(Dataset excerpts)
• • • • • • •

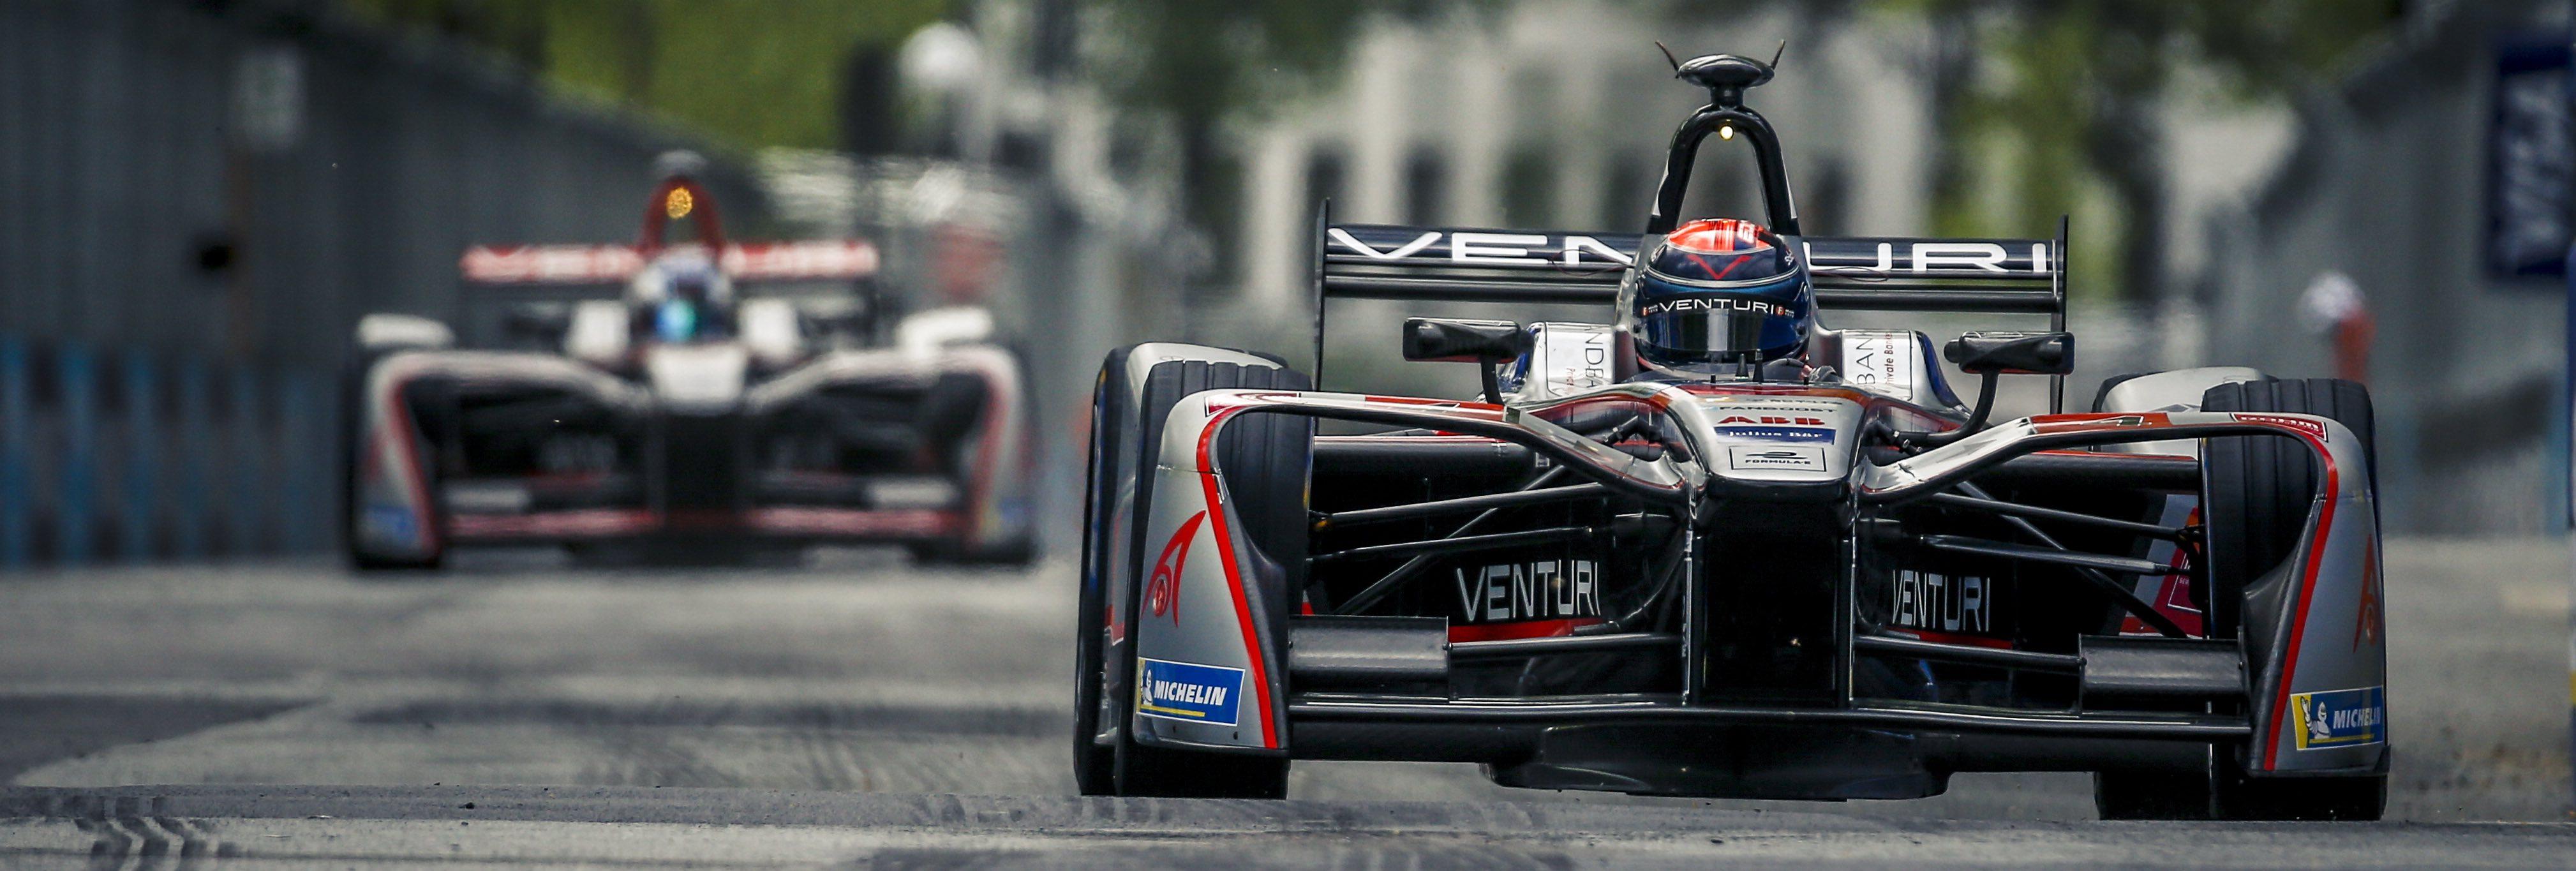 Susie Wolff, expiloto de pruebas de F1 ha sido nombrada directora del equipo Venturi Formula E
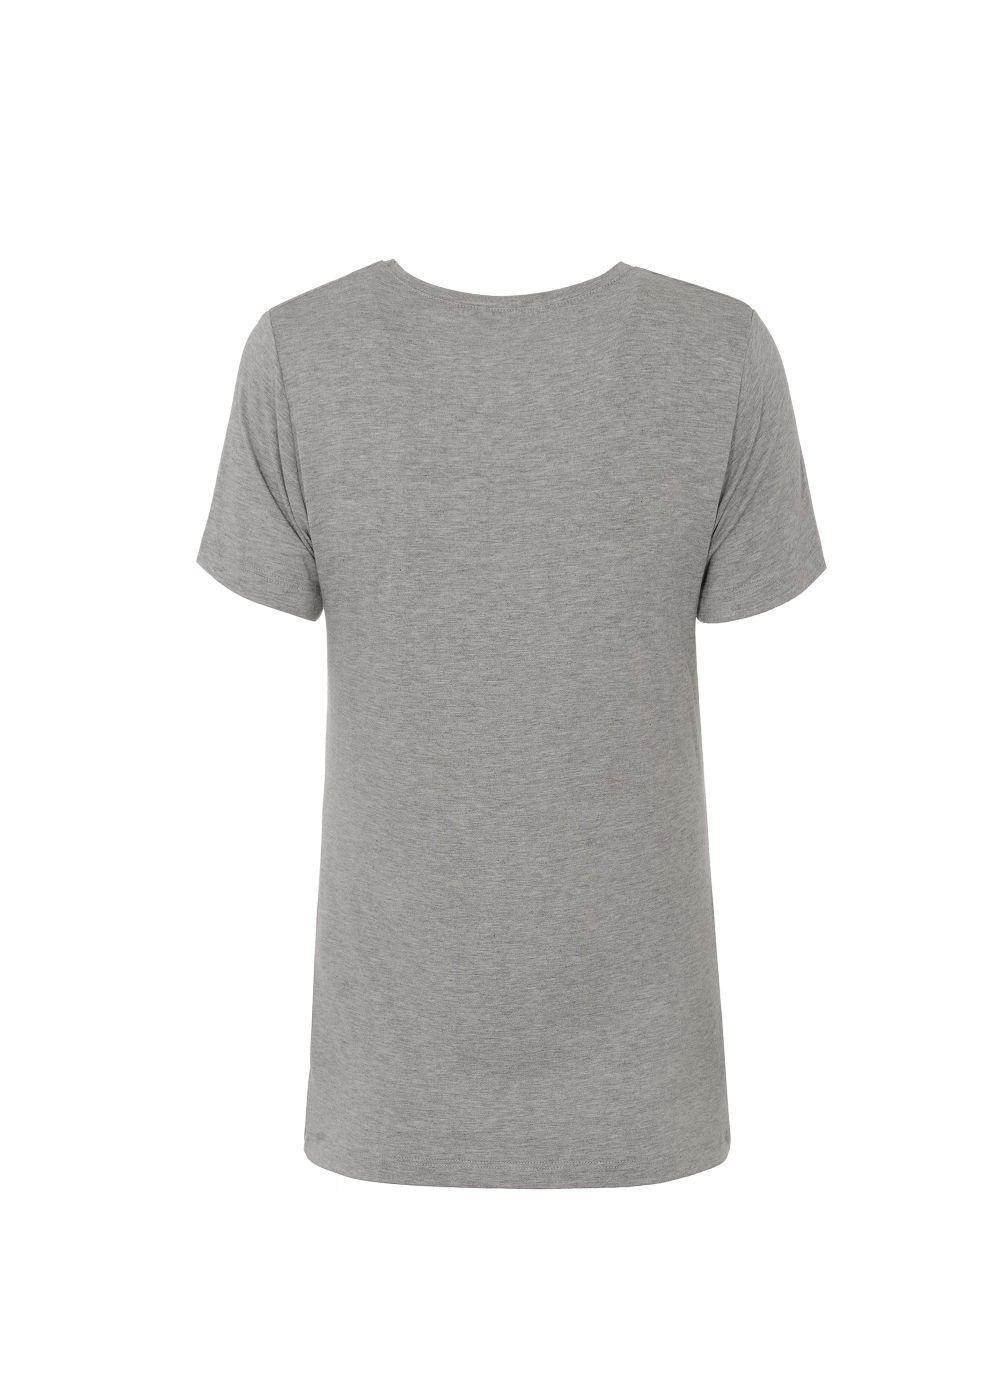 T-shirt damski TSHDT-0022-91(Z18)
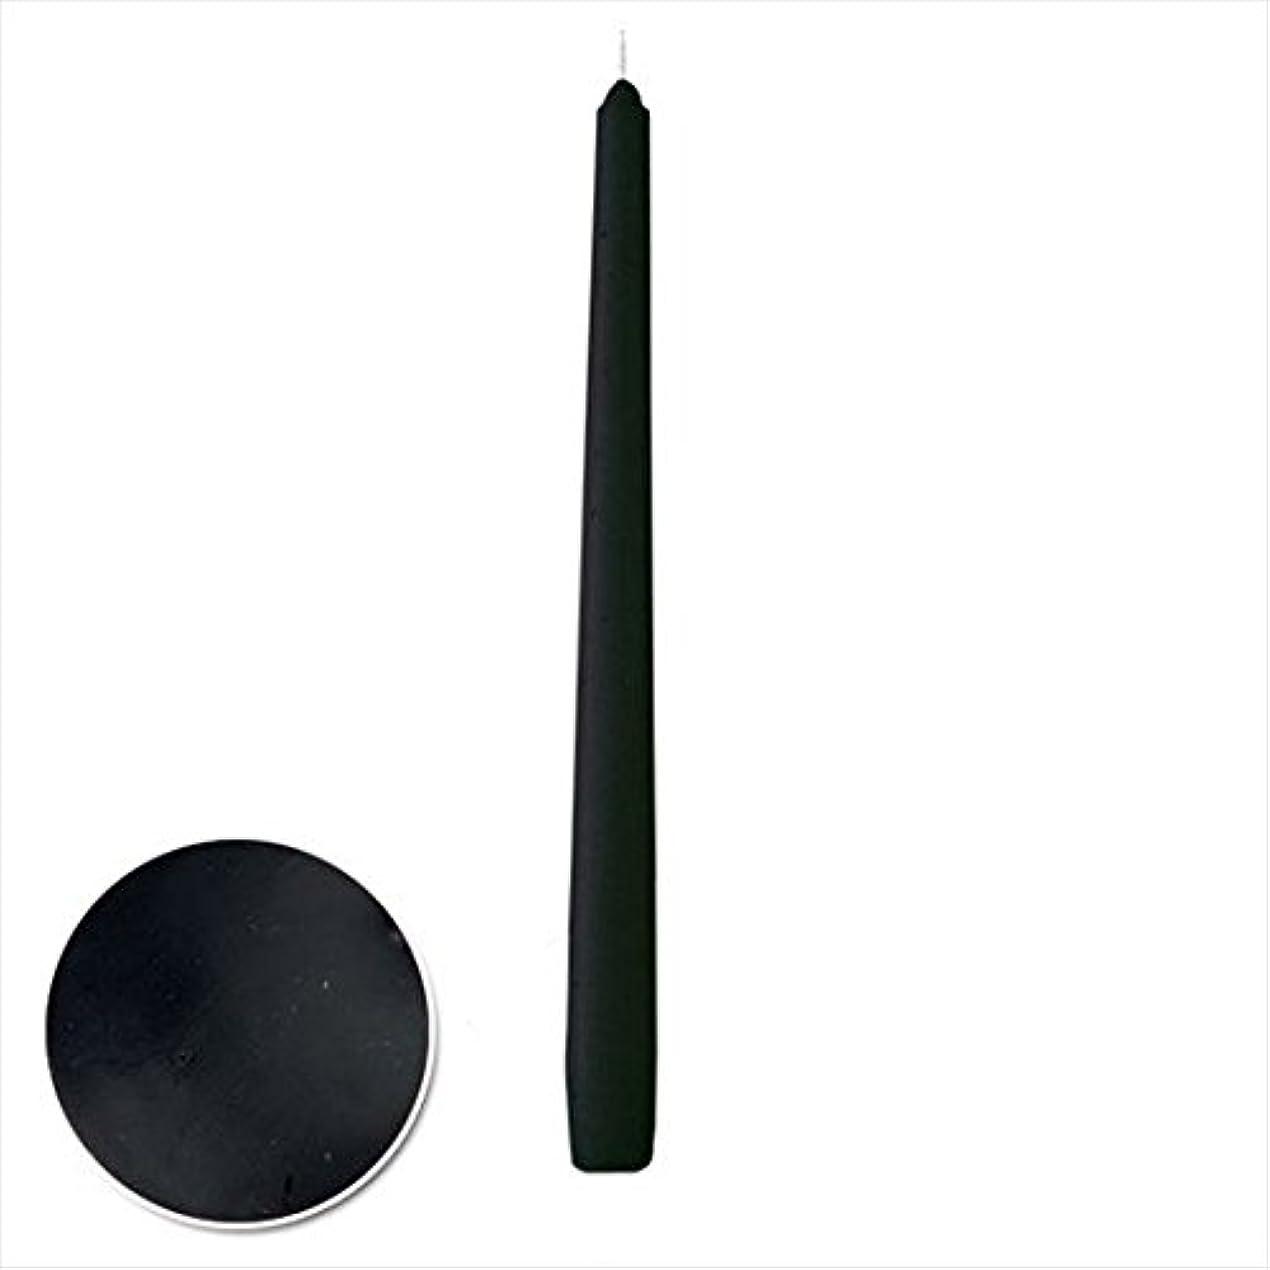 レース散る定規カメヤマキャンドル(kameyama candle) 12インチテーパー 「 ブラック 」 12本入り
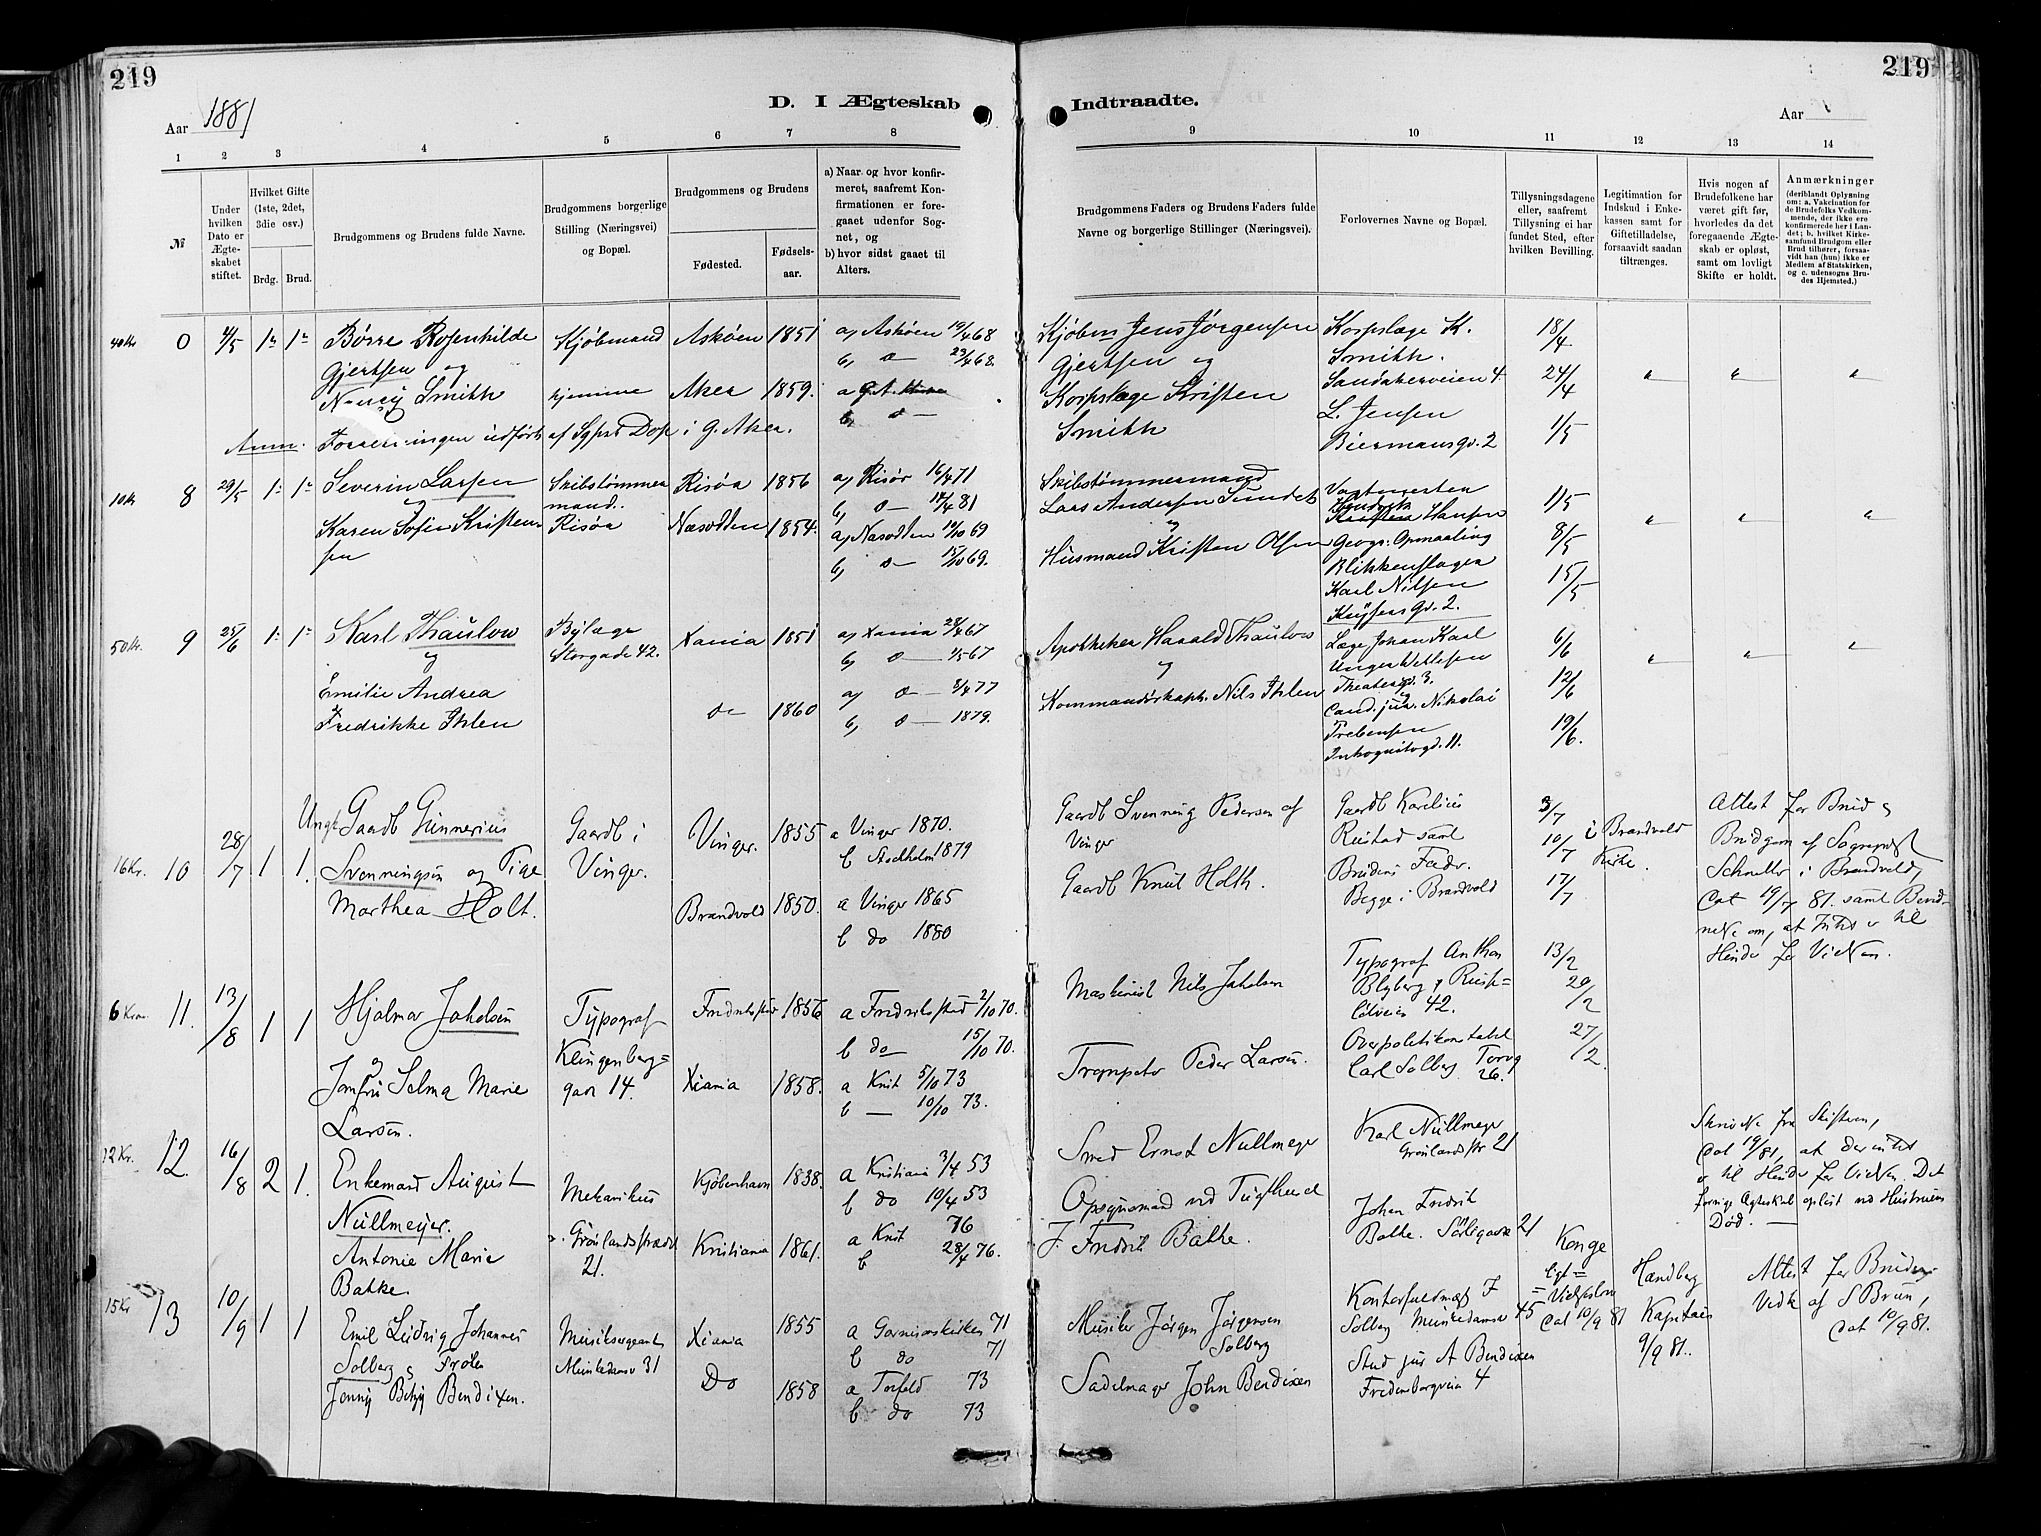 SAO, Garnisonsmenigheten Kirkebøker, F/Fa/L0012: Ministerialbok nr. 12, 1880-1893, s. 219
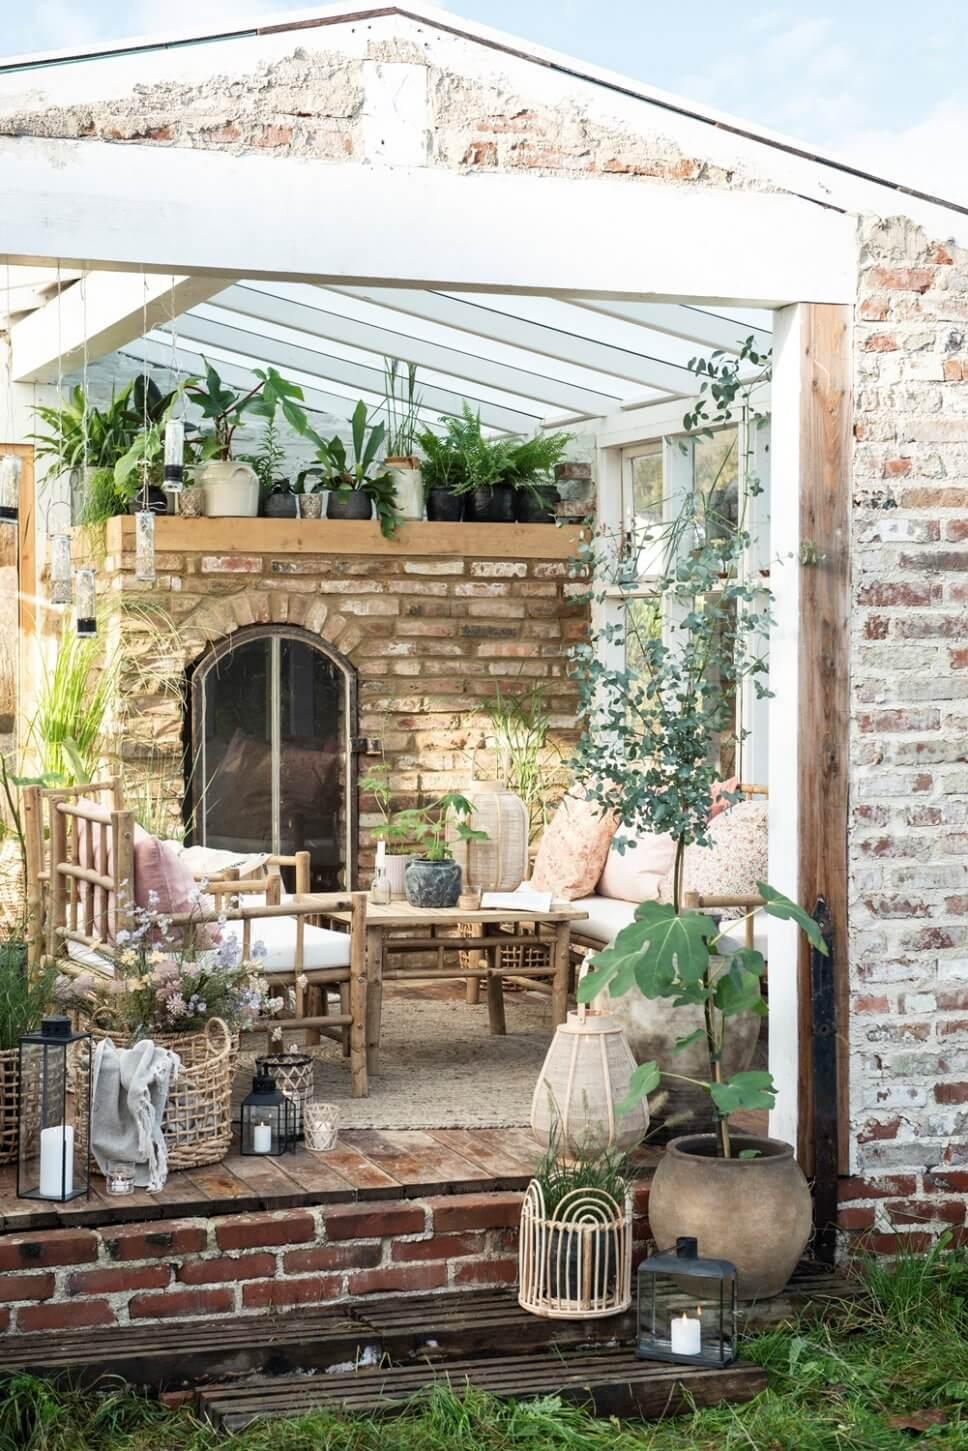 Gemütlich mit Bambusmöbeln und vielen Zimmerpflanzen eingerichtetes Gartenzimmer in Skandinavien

• • • • • • •

(WHAT NEEDS TO BE DONE):
Can you retype every record above exactly, leaving out the pictures?

(TASK RESULT):
 Susie Wolff, expiloto de pruebas de F1 ha sido nombrada directora del equipo Venturi Formula E
 T-shirt damski TSHDT-0022-91(Z18)
 レース散る定規カメヤマキャンドル(kameyama candle) 12インチテーパー 「 ブラック 」 12本入り
 SAO, Garnisonsmenigheten Kirkebøker, F/Fa/L0012: Ministerialbok nr. 12, 1880-1893, s. 219
 Gemütlich mit Bambusmöbeln und vielen Zimmerpflanzen eingerichtetes Gartenzimmer in Skandinavien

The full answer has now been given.